Effectively praising positive behavior is one of the three “table legs” of the Nurtured Heart Approach. This chapter dives deeper into the topic of praise, which it also refers to as “appreciations,” “recognitions,” and “acknowledgements.” We praise children to encourage them to repeat a good behavior. As the authors explain, though, it’s not just the praise that makes this work. “It is the fact that you are taking your time and energy to look deep into the student’s heart and spirit; that you find him valuable … that you treat him as greater than his problems” (p. 39).

Some praise is more effective than others. Below we summarize the four types of praise discussed in this chapter and include some tips and examples.

Active Recognition

What the authors call a “verbal snapshot,” this is just an observation, without any judgment.


  • “I noticed you’re using lots of different colors in your new drawing.”

  • “I can tell that you’re feeling frustrated.”


  • If your children aren’t used to this type of recognition, they’ll often resist or test boundaries. Keep it up!

  • Do not use this when a child is doing something wrong, like “I see that you are hitting your sister.” This adds energy and attention to the behavior.

  • Be specific. Parents tend to use phrases like “Good job” and “Thank you!” regularly without specifying what was good. Include details about what they were doing to show them that they are “seen, acknowledged, and appreciated” (p. 42).

Experiential Recognition

Here parents add to the observation to include what positive traits the child is demonstrating.


  • “I noticed that you’re playing well together by sharing the crayons.”

  • “I can see that you’re upset at your friend but that you used your words and walked away instead of hitting him.”


  • Children need to be taught what it means to “play nicely” or “be respectful.” If you include these phrases, add specifically how they’re doing it.

  • “Create a positive picture for the child of an event that is either presently unfolding or that has happened recently.” (p. 46)

Proactive Recognition

This step is about finding a time when the child could be breaking a rule but is choosing not to.


  • “‘I want you to know how much I appreciate you being so gentle with … [your] pet. You are showing that you can really be trusted with the feelings of others.” (p. 52)

  • “I see that you could be throwing your toys, but you’re putting them back neatly instead.
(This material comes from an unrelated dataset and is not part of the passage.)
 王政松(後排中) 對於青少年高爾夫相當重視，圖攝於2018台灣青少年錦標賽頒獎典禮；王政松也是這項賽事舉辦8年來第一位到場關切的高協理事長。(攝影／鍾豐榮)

This shows how helpful and responsible you are.”

  • “I like that you’re not teasing the other children … That’s a great way to be a friend.” (p. 52)


  • For this to work, the rules must be specific and clear. For example, try “No name calling” instead of “Be kind.”

  • As the caregivers, we should know the rules perfectly, but it’s fine for the children to learn as they go.

  • There’s no such thing as too much praise!

Creative Recognition

This type of recognition, which builds on the other three, is especially for children who are more intense and disruptive. The goal is to “engineer successes that would otherwise not happen.” (p. 53)


  • “I need you to sit down,” followed by, “I see that you’re sitting down like I asked. That shows how cooperative and helpful you’re being.”

  • “Put your clothes away.” Then, as the child walks toward the closet, even if he or she may not intend to put the clothes away, “I see that you’re starting to walk to the closet to put your clothes away. I appreciate that you’re starting to do as I asked. Very helpful!”


  • Avoid framing the instructions as an ask and avoid “please.” They should be direct.

  • Focus on the moment. Even if the children don’t follow the instructions for the rest of the day, celebrate when they do, and don’t mention the past.

Praise is an essential part of the Nurtured Heart Approach. It may take some time to get used to, but parents find that it can drastically change their children’s behavior. Most importantly, though, we “reflect their goodness, wholeness, and worthiness with celebration in this moment” (p. 39). This leads not just to improved behavior but building the “inner wealth,” which improves their views of themselves, and as the authors explain, helps them to “use good judgment, make good choices, … think of the future, cope with adversity, take risks, and find courage and love” (p. 18).